After no haggling at all we had a room at Casa de Mario; private room, private bath, "breakfast", and cable TV full of terrible Larry Levinson movies- for $25 a night. (I say "breakfast" because instant coffee and a piece of toast is only breakfast in prison.)
San Martin reminds me of Park City. -it's full of assholes in bad hats. I kid. It's a ski town with one small main drag full of shops and restaurants.
Food- amazing and cheap: Wild boar, giant steaks from different animals, trout
I'm pretty much always prepared to fill my fat face with food- that's a given. But having heard it was summer in South America I wasn't prepared for anything but sunshine.
"let's hike that Colorado Mountain the scientist told us about", katie said to me early in the day.
Sure, I thought. If that old scientist can do it and keep such a nonchalant attitude, it should be easy.

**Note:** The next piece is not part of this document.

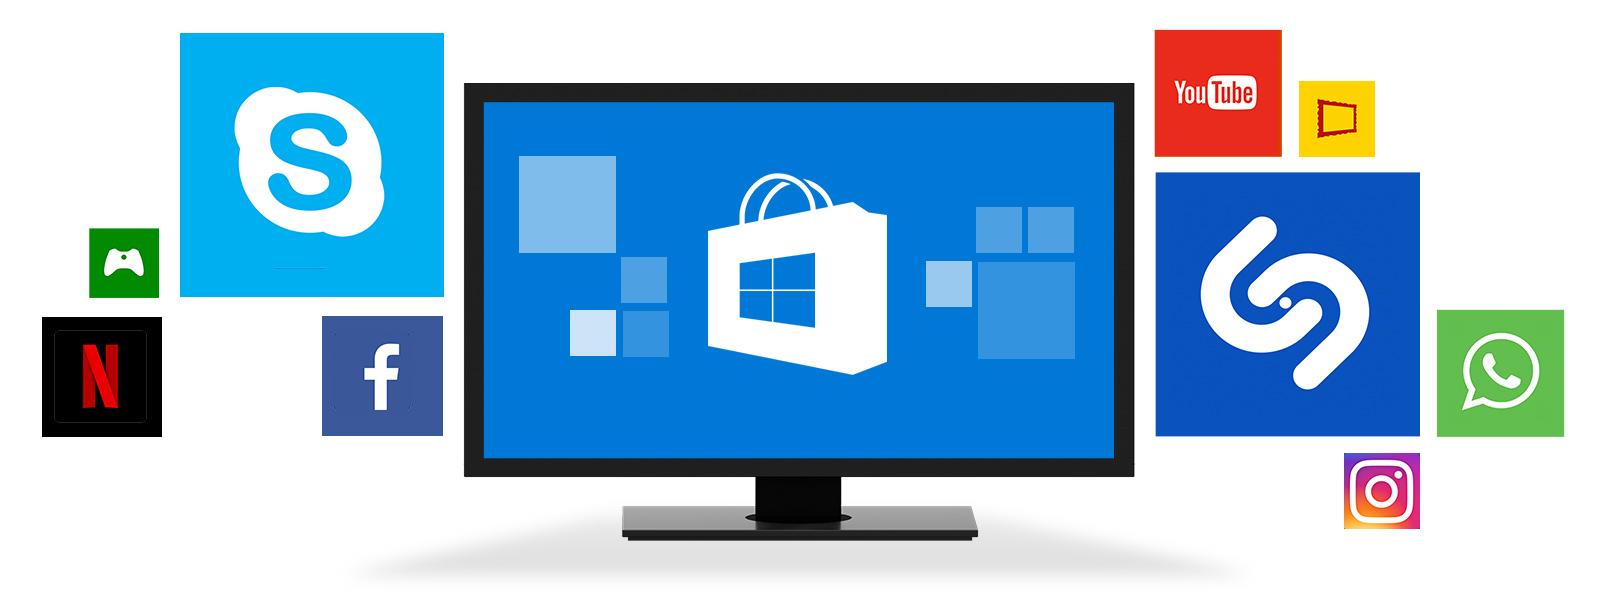 Ứng dụng Universal hay và miễn phí tháng 4/2017 cho Windows 10

Before you hike a mountain you sign in at the forest ranger station so they know where to look for your body. Seemed normal.

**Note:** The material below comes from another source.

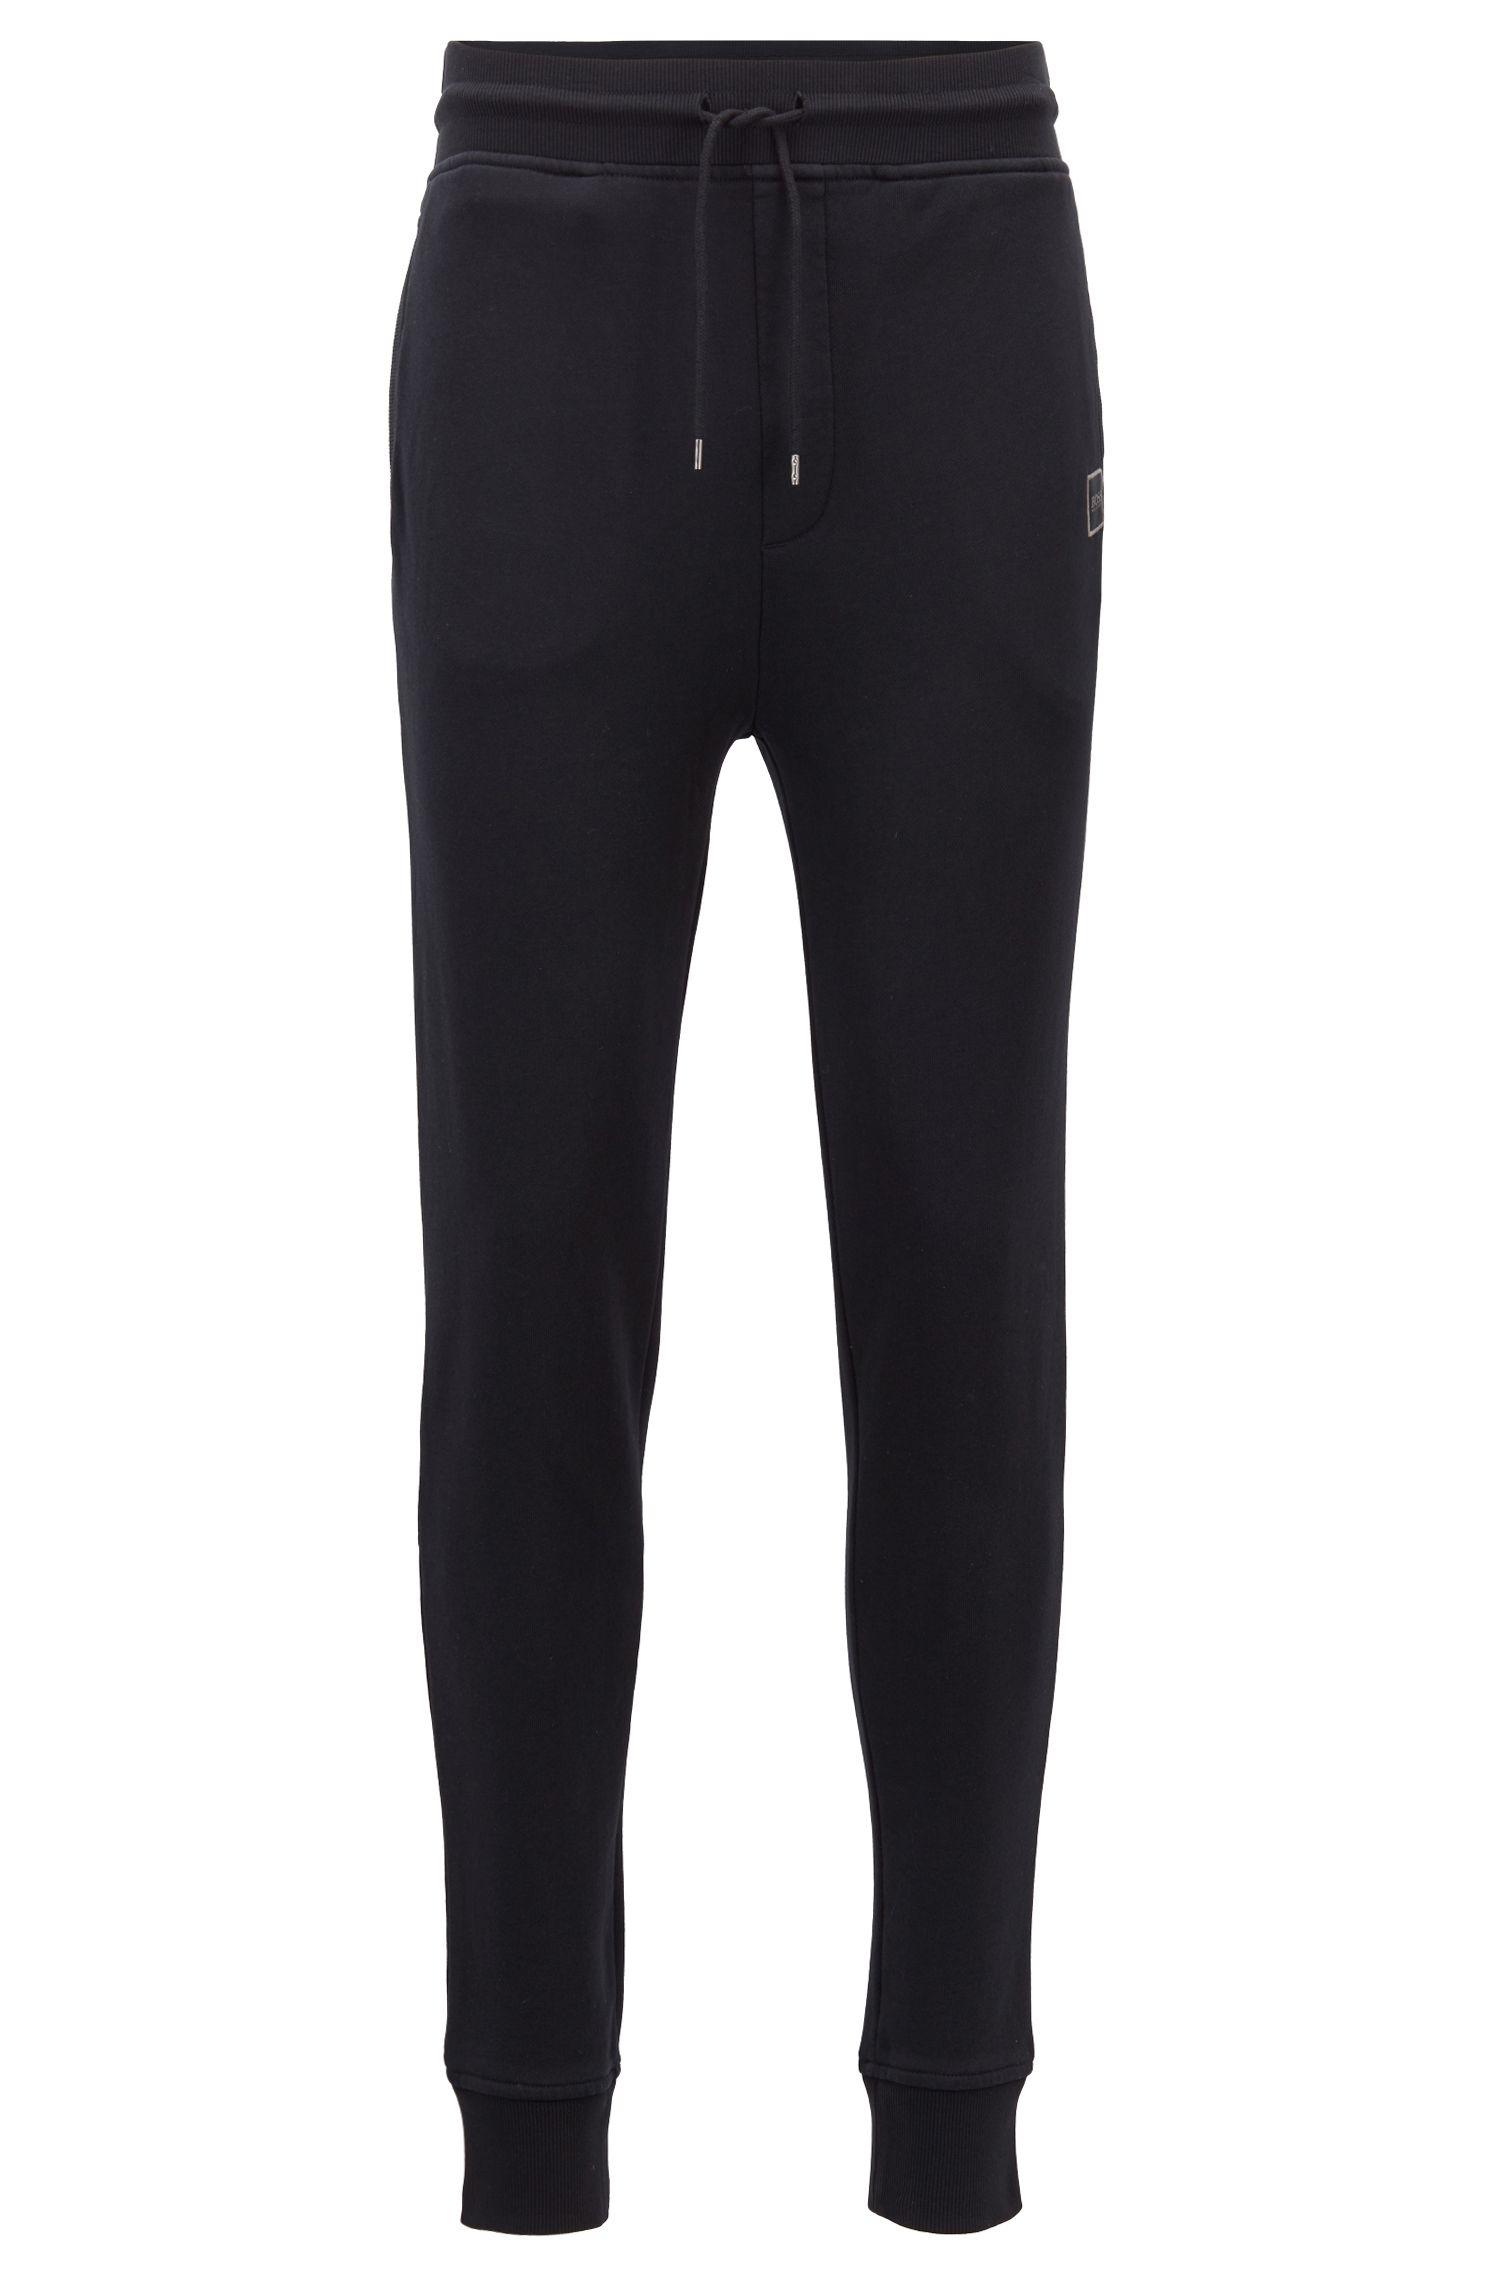 Pantalon de jogging resserré au bas des jambes en molleton French Terry, avec logo tissé, Noir

This mountain was about 1800 meters straight up. At first it was nice and fun.
After a while the wind picked up and then there was snow everywhere. Just as I has feared, we lost the trail.
The sun started to set so we took shelter in a small cave. We found the remnants of other dumb dead hikers from long ago: bones covered by tattered No Fear t shirts, a pile of flat faced children huddled together for warmth. They were long dead so we searched their pockets for food and only found frozen bottles of Fanta. (Fanta stays in business solely from Argentina. They even put it in their beers) I could tell Katie was starting to loose it because she was talking nonsense. About how she wanted to watch Conan even if he was on TBS and when were tube tops gonna come back in. I built a sad fire out of a teepee of Marlborough Reds and a precocious mountain goat stomped it out. I wanted to feast on his haunches. On the brink of hypothermia I drifted off to sleep.
At daybreak I could tell by the smile on Katie's face that she was dead. That bitch is not a morning person. In the sun I saw that our cave was just a sewage drain, and we slept no more than 200 meters from a Howard Johnson. I chuckled to myself as I removed Katie's jewelry and headed to the pawn shop.
I'll actually have a video that breaks down the barren, windy, subzero apocalypse that is the summit. I'll add it to the blog if I can find a decent Internet connection anywhere.